Talk
Basic and Not So Basic Design: Richard Hamilton as an Educator
25 May 2016
Borough Road Gallery
London, United Kingdom
7pm (Gallery open from 6.30-6.55pm)
Free entry, booking recommended.
This talks looks at ways to understand David Bomberg’s teachings against and within the rapid changes in art education in mid-twentieth century Britain, considering the claim that Bomberg created an environment set apart from the trends around him.
Aspinall will take the position that the culture of Bomberg’s classes laid bare fundamental concerns; specifically, how belonging to a ‘school’ positions an artist within an art world that is increasingly aware of itself as a consumer economy and yet remains reliant on the romantic myth of an artist as a heroic individualist. Looking at the culture of Bomberg’s classroom and the community of makers that it crystalised, Aspinall will proffer that there was a school of Bomberg, set apart from conflations with the Borough Group or the pejorative label of ‘Bombergians’. Understanding the dynamics of this and the concurrent reactions against it sheds light on a deeper insecurity about the limits of art education within late modernism. This talk will address not only the content of Bomberg’s teachings, but also the relational politics it established and how these touched a nerve in the wider society.

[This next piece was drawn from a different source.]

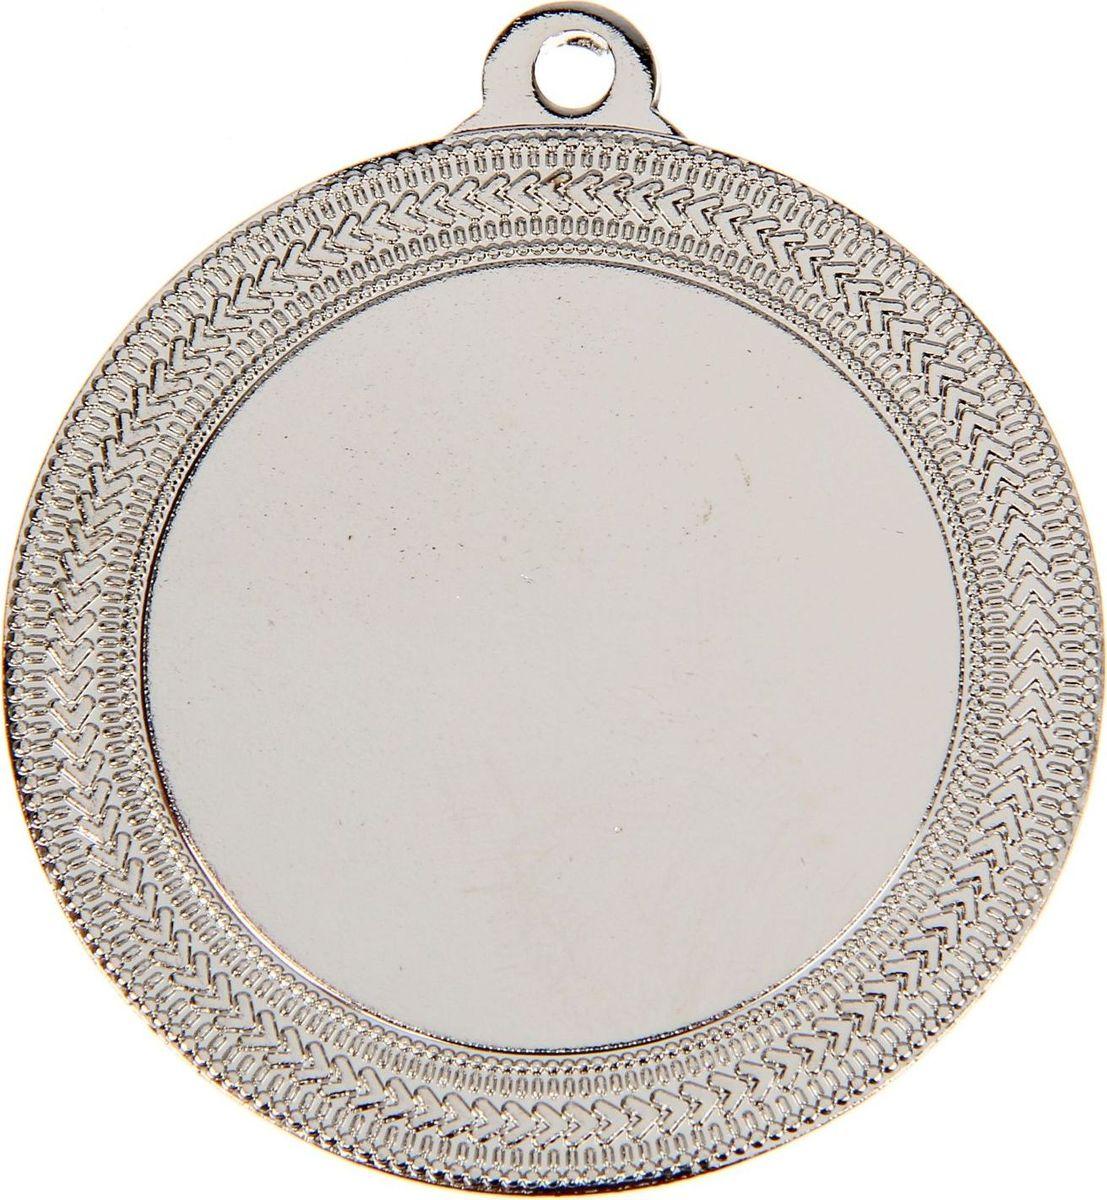 Медаль сувенирная с местом для гравировки, цвет: серебристый, диаметр 5,5 см. 0351253534Медаль вручается лишь тем, кто проявил настойчивость и волю к победе, ведь такое событие должно оставаться в памяти на долгие годы. Эта награда изготовлена из металла и украшена стильным орнаментом. Характеристики:Диаметр медали: 5,5 см Диаметр вкладыша (лицо): 4 см Диаметр вкладыша (оборот): 5 см.
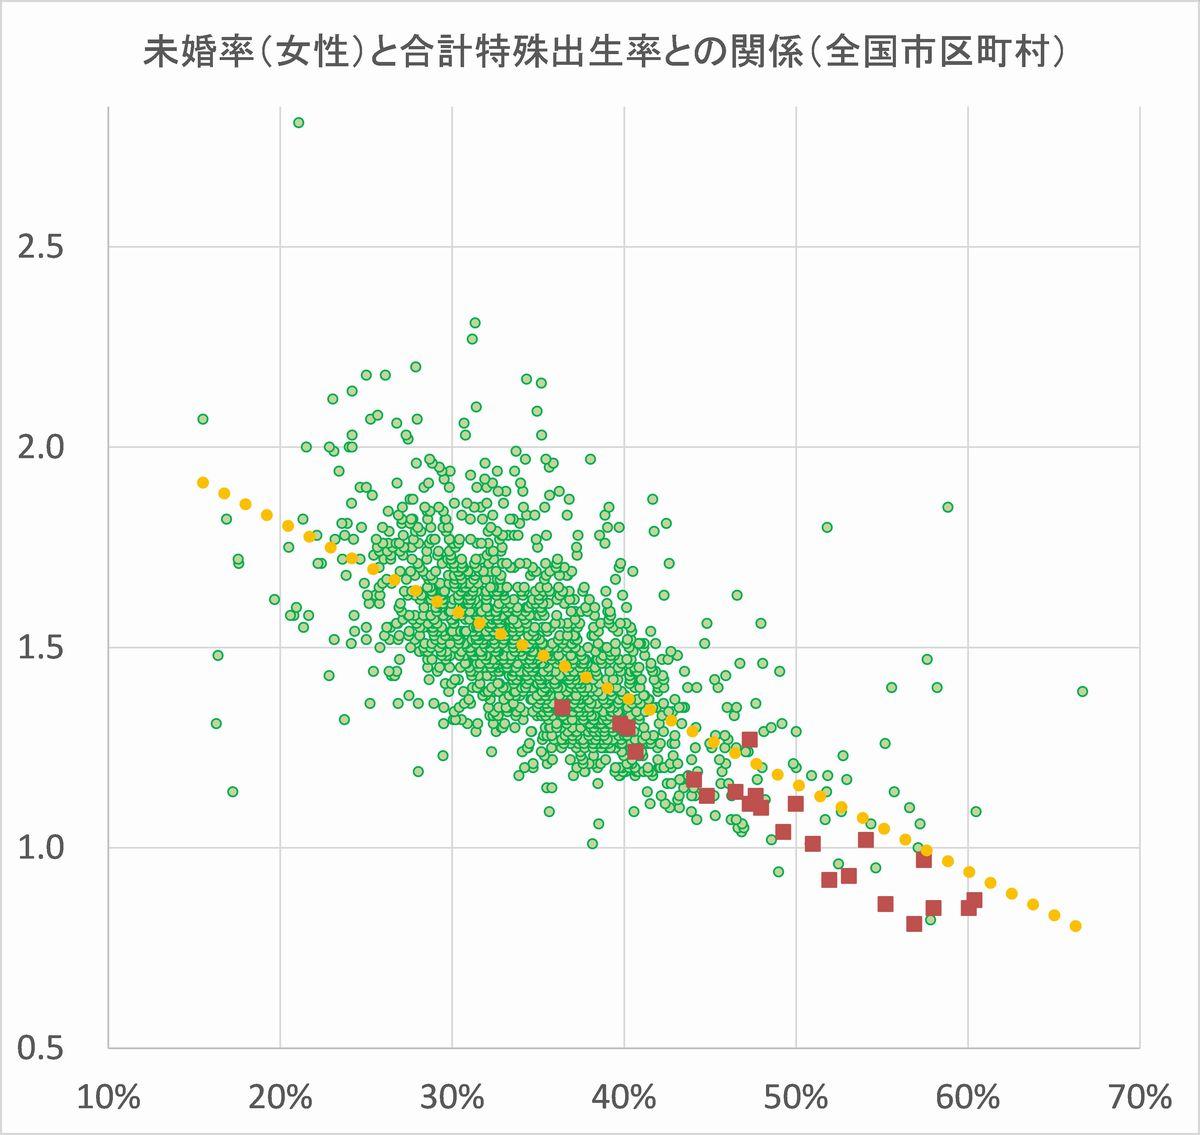 写真・図版 : 内閣府『市町村別少子化関係指標(2017年)』に基づく。合計特殊出生率は平成20~24年、未婚率(女性25~39歳)は平成22年データ。

Kate Aspinall is an independent historian, writer, and artist. Based in London, she recently completed her doctoral studies at the University of East Anglia, sponsored by the School of Art History Studentship, and currently consults for the Roy Lichtenstein Foundation and serves as Chairwoman of the AAH Freelance and Independents. Her research looks to the role of drawing in early 20th century British visual culture with a particular emphasis on the intersections between institutional and personal discipline. Most recently, she wrote an article on the role of the drawn mark within Herbert Read’s critical agenda for a special issue ofVisual Resources (February 2016). She is currently working on a monograph, The Paradox of Medium Specificity: Drawing Practice and Twentieth Century Modernism in Britain.